Re: Pierwsza hodowla - błędy nowicjusza

PostNapisane: 26 lip 2020, o 15:25
przez ch4
defrodis napisał(a):Jako że na dwóch krzaczkach apache papryczki się już całkiem ładnie wybarwiły, to mam pytanie, czy można je już zrywać.

Tak, jak najbardziej można już je zrywać.
Jest na tyle wcześnie, że papryki będą nadal owocowały i w tym roku będziesz miał ich jeszcze więcej.
Zrywać należy jak papryka osiągnie docelowy kolor, a już na pewno zanim zacznie mięknąć i marszczyć się.
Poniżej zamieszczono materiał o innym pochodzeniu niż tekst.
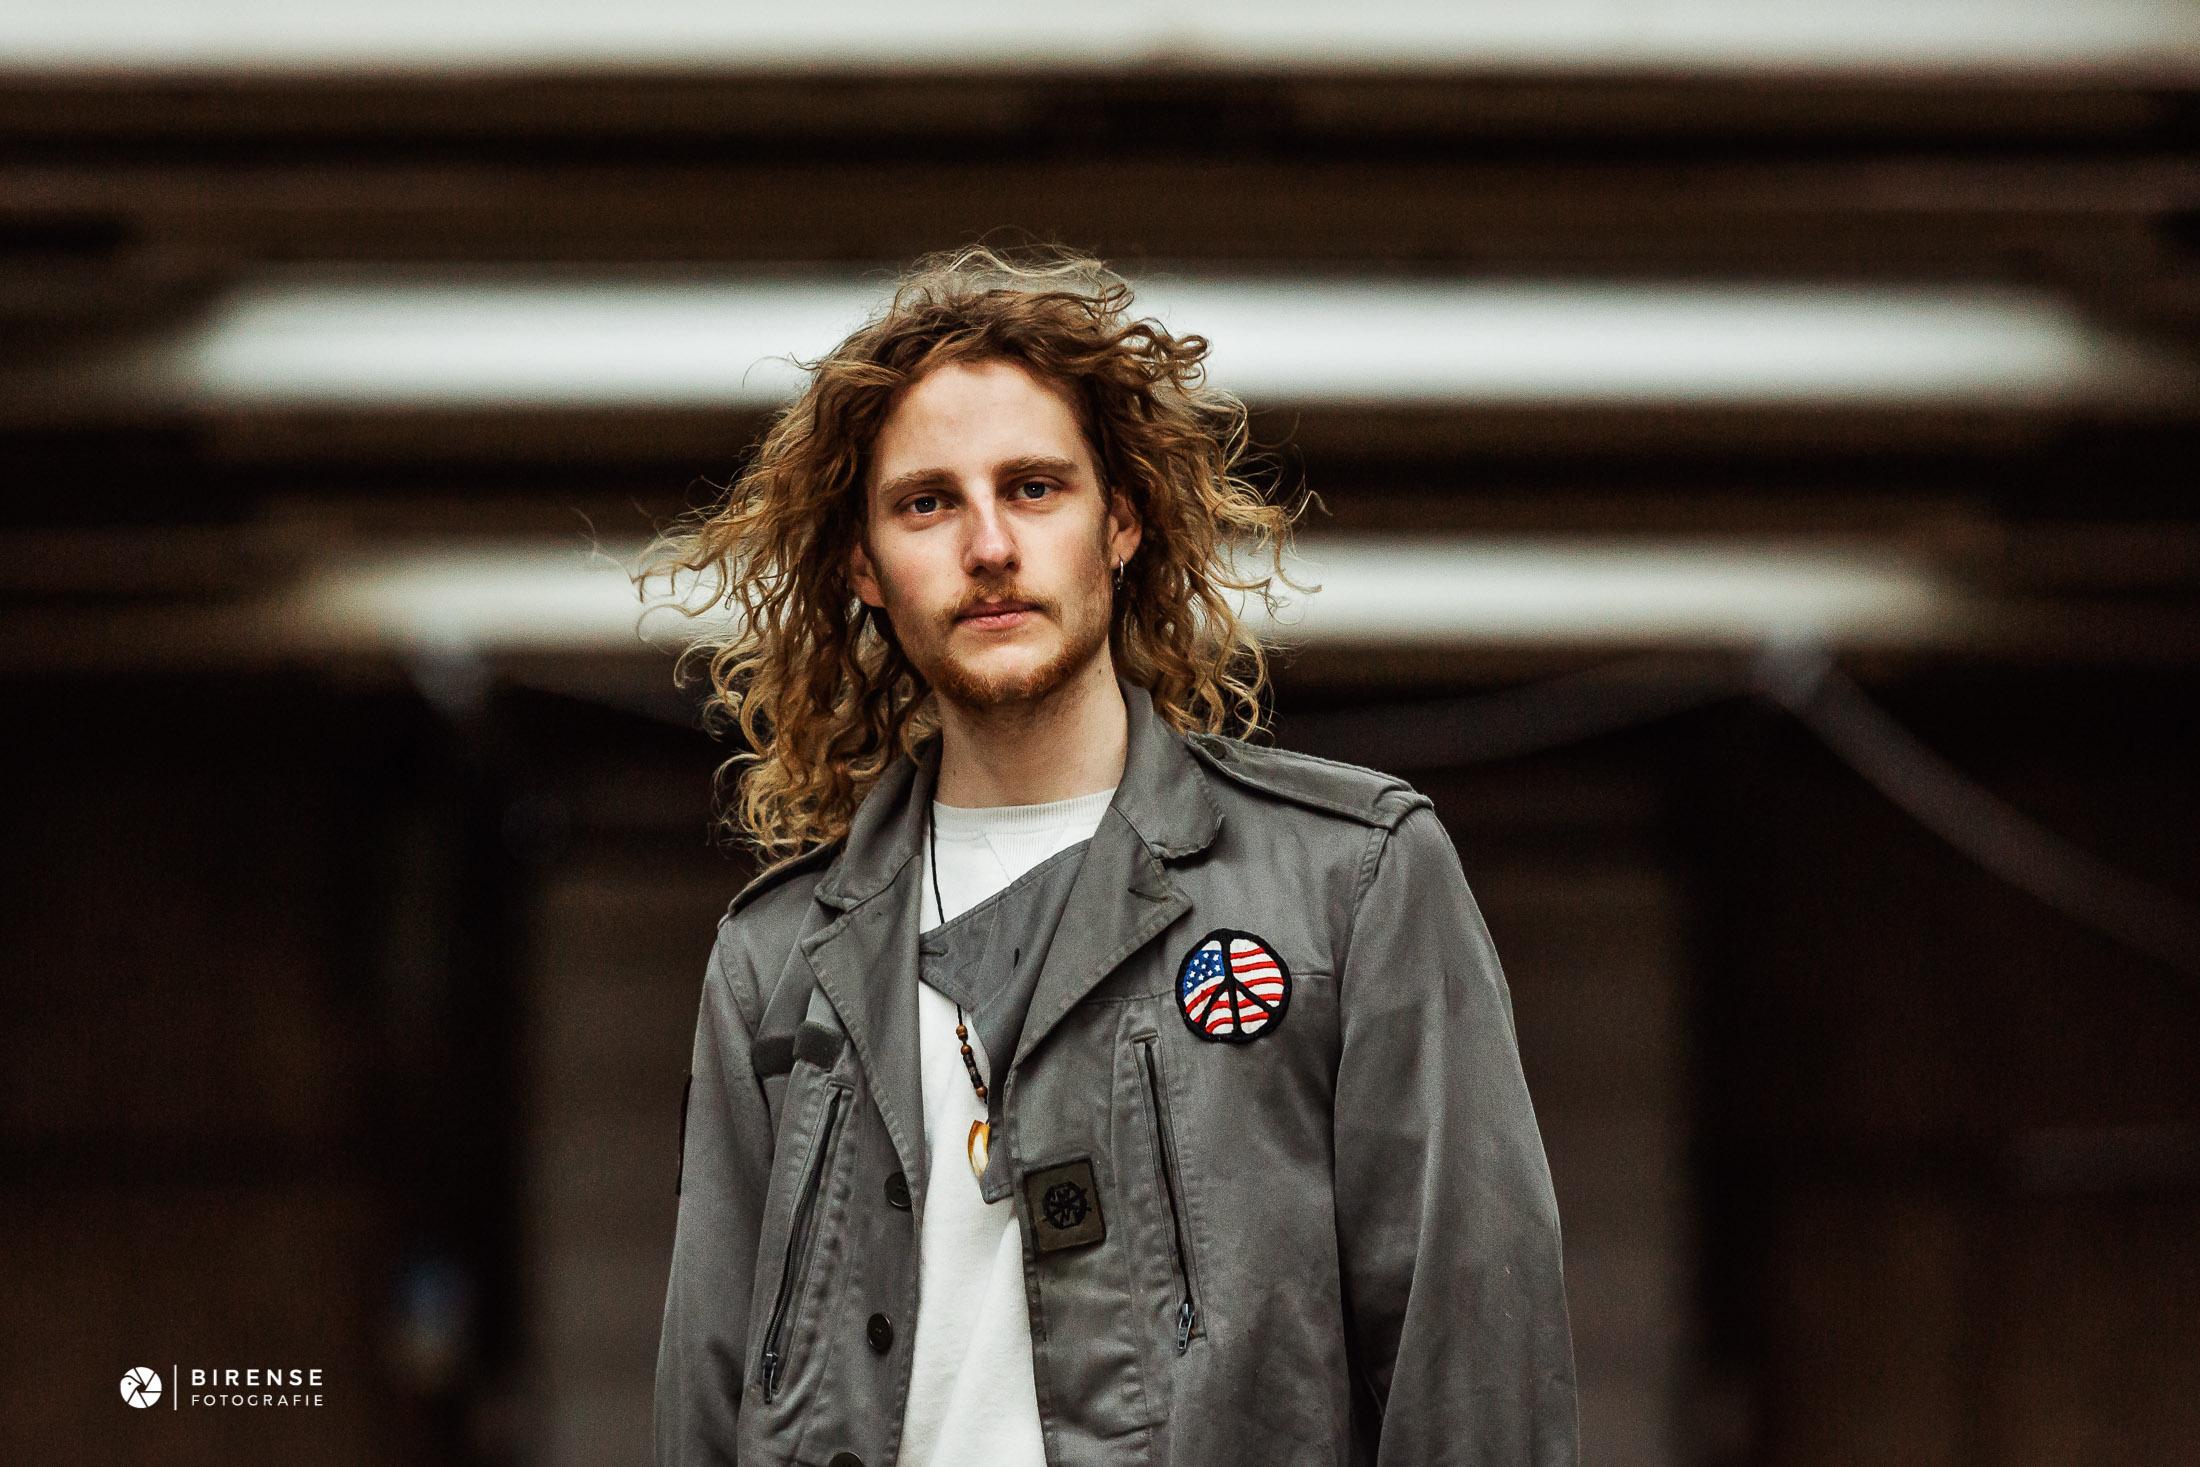 Portretfotografie Between The Jars rock band The Netherlands basguitar portrait by Birense Fotografie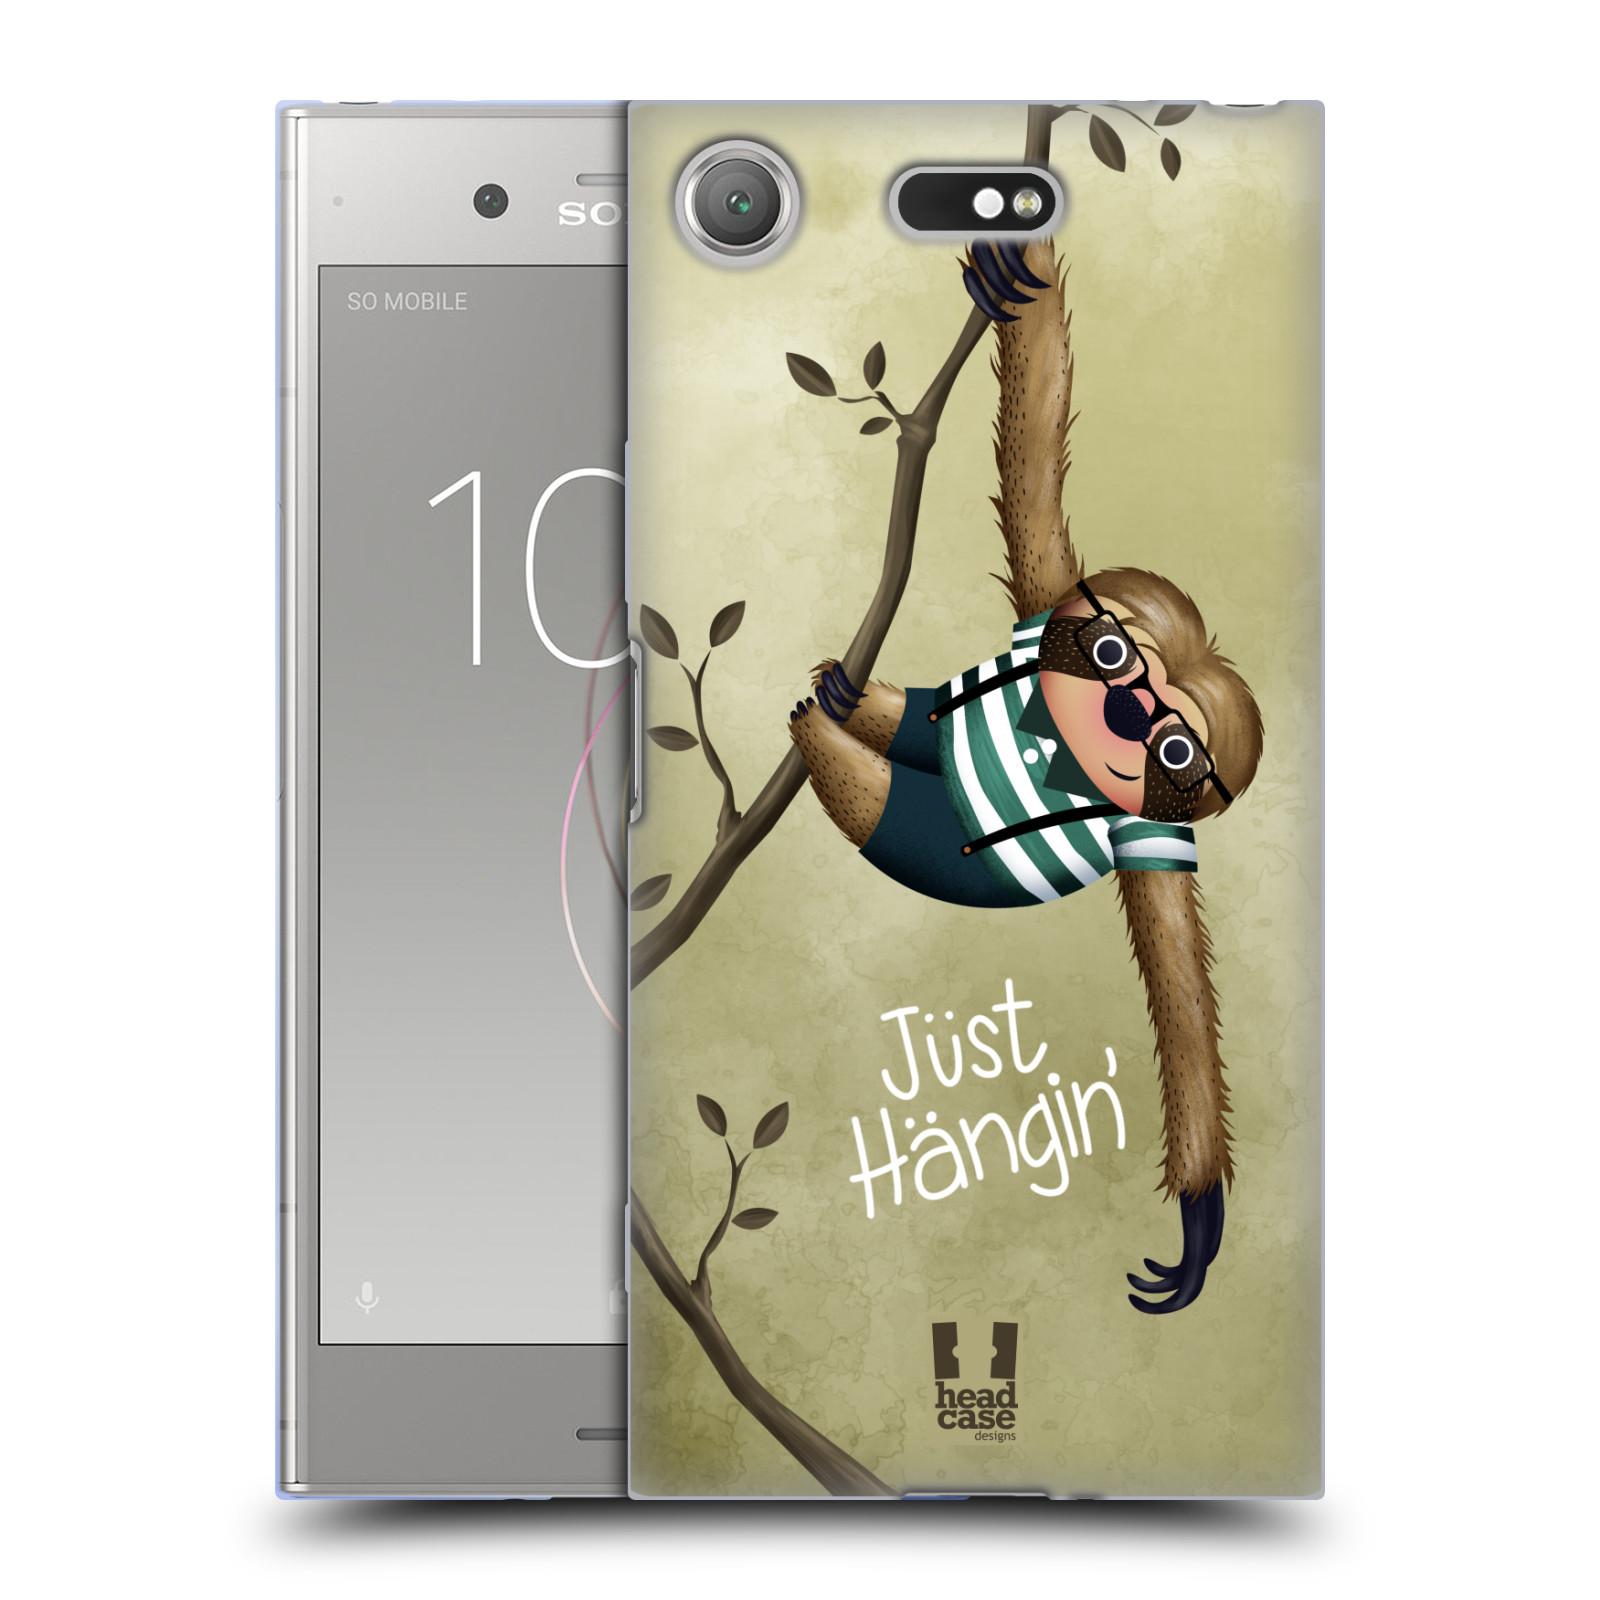 Silikonové pouzdro na mobil Sony Xperia XZ1 Compact - Head Case - Lenochod Just Hangin

defrodis napisał(a):Drugie pytanie to JAK zrywać? Ucinać nożyczkami...? Odłamywać...? Na razie kilka dni temu uciąłem nożyczkami jedną papryczkę apache na spróbowanie

Najprościej jest złapać paprykę tuż przy ogonku i pociągając w górę powinna się ona ułamać dokładnie przy rozwidleniu w miejscu, z którego wyrastał ogonek.
Czasem wygodniej jest złapać papryczkę w garść, kciukiem oprzeć się w miejscu połączenia ogonka z rozwidleniem i ruchem podobnym do otwierania kapslowanej butelki odłamać go miejscu połączenia.
Zwykle ułamuje się on bardzo prosto i dokładnie w tym miejscu, co trzeba z charakterystycznym "kliknięciem".

W mniejszych i delikatniejszych paprykach, dobrze jest drugą ręką przytrzymać łodygę tuż przy rozwidleniu, aby jej niechcący nie złamać.

defrodis napisał(a):Co jeszcze mogę zrobić, aby poprawić kondycję roślin?

Przesadzić do większych doniczek :D

Re: Pierwsza hodowla - błędy nowicjusza

PostNapisane: 26 lip 2020, o 15:51
przez defrodis
Super! Dziękuję za rady <salut> Zaraz lecę zrywać te dojrzałe :D

ch4 napisał(a):Przesadzić do większych doniczek :D


To już zacząłem robić - przesadziłem już 3 krzaczki. Paradoksalnie, domieszka gliniastej ziemi mi w tym pomaga, bo wyciągając roślinę z doniczki właściwie nie naruszam struktury korzeniowej.